Certainly, here in the UK, the adoption of mass timber has been hampered by the fallout from the Grenfell Tower disaster and building regulation recommendations that have limited the use of structural timber in buildings over 18m – after early notable successful tall timber UK projects – what can architects and building designers do to try and persuade regulators that mass timber has benefits beyond 18m, with many tall timber projects being planned and built globally.

"This is a real pity, as in the past the UK has been leading in mass timber construction, including some taller buildings, such as the work of Waugh Thistleton architects," adds Pablo. "To increase the use of timber many regulatory obstacles need to be overcome which have been warped by the other material industries. What really helps is if (local) government understands the many benefits of mass timber for fast and clean construction through prefabrication (lower CO2 and NOX emissions, less nuisance, quicker building time) but especially low carbon building (buildings as carbon sinks) and start to set local targets for timber utilisation to meet climate goals."

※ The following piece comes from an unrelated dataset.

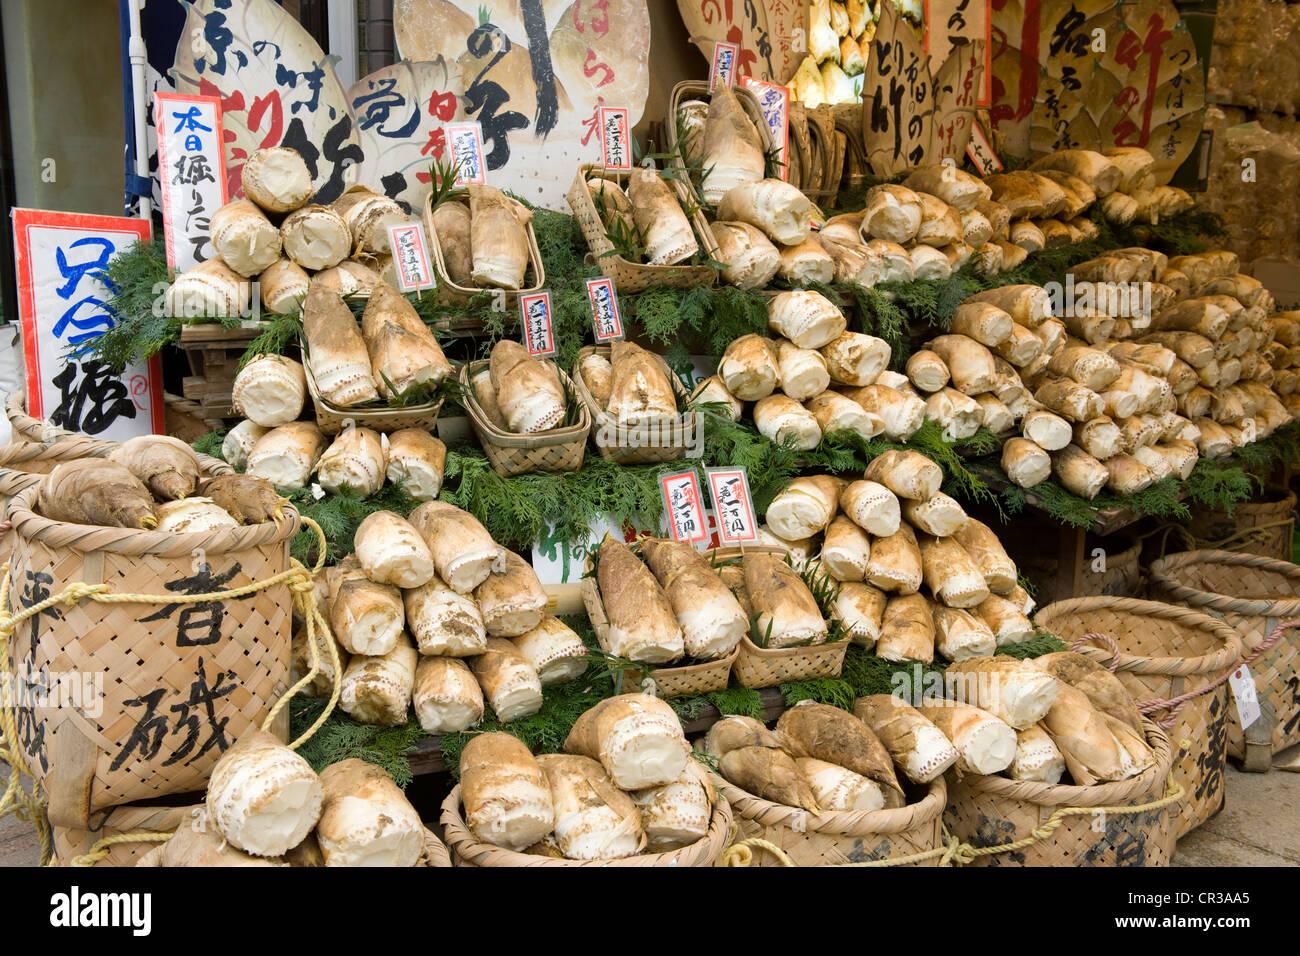 Japan, Honshu Island, Kinki Region, city of Kyoto, bamboo shoot stand Stock Photo

The future of mass timber is a healthy one with CLT, glulam and LVL providing opportunities for zero carbon developments and there is a growing realisation that reducing embodied carbon is an important element of hitting net zero targets – what role can the use of mass timber play in reducing embodied carbon levels? Pablo explains: "Based on sustainably sourced European softwood (which is abundantly available – in Netherlands 99% of all the imported pine is coming from sustainable managed European forests with PEFC or FSC-certification), the built environment is a second carbon sink (1m3 of softwood stores about 1tonne of CO2 for the lifetime). If mass timber is then also used to substitute CO2 intensive materials such as concrete or steel then there is even a third CO2 benefit (in general 1 tonne of softwood, substituted for concrete/steel, leads to a CO2 reduction of 1.5 tonnes CO2). In total the combined benefit of 'climate smart' forestry, sustainable timber replacing other materials, could mitigate over 20% of European greenhouse gas emissions by 2030."

A common criticism of the construction industry is that it is conservative, set in its ways and reliant on traditional site-based practices with deeply ingrained supply chains and historical prejudices. As generations change, so do mindsets. But are climate pressures enough to swing more interest towards specifying timber systems?

"We need to turn things around," says Pablo. "First get rid of the many misconceptions about mass timber building and show that they are incredibly pleasant to live in, better for health, better for the environment but very beautiful and stylish as well – providing new design possibilities. A mass timber building can be extremely modern and high end. We need to show that mass timber building is not only a climate solution but it's cool and sexy, in a similar way as the image of electric cars has shifted, the same needs to happen with mass timber buildings. But for this we need keep informing the audience through smart, targeted communication campaigns — design competitions, demonstrations, documentaries — reaching the right target groups."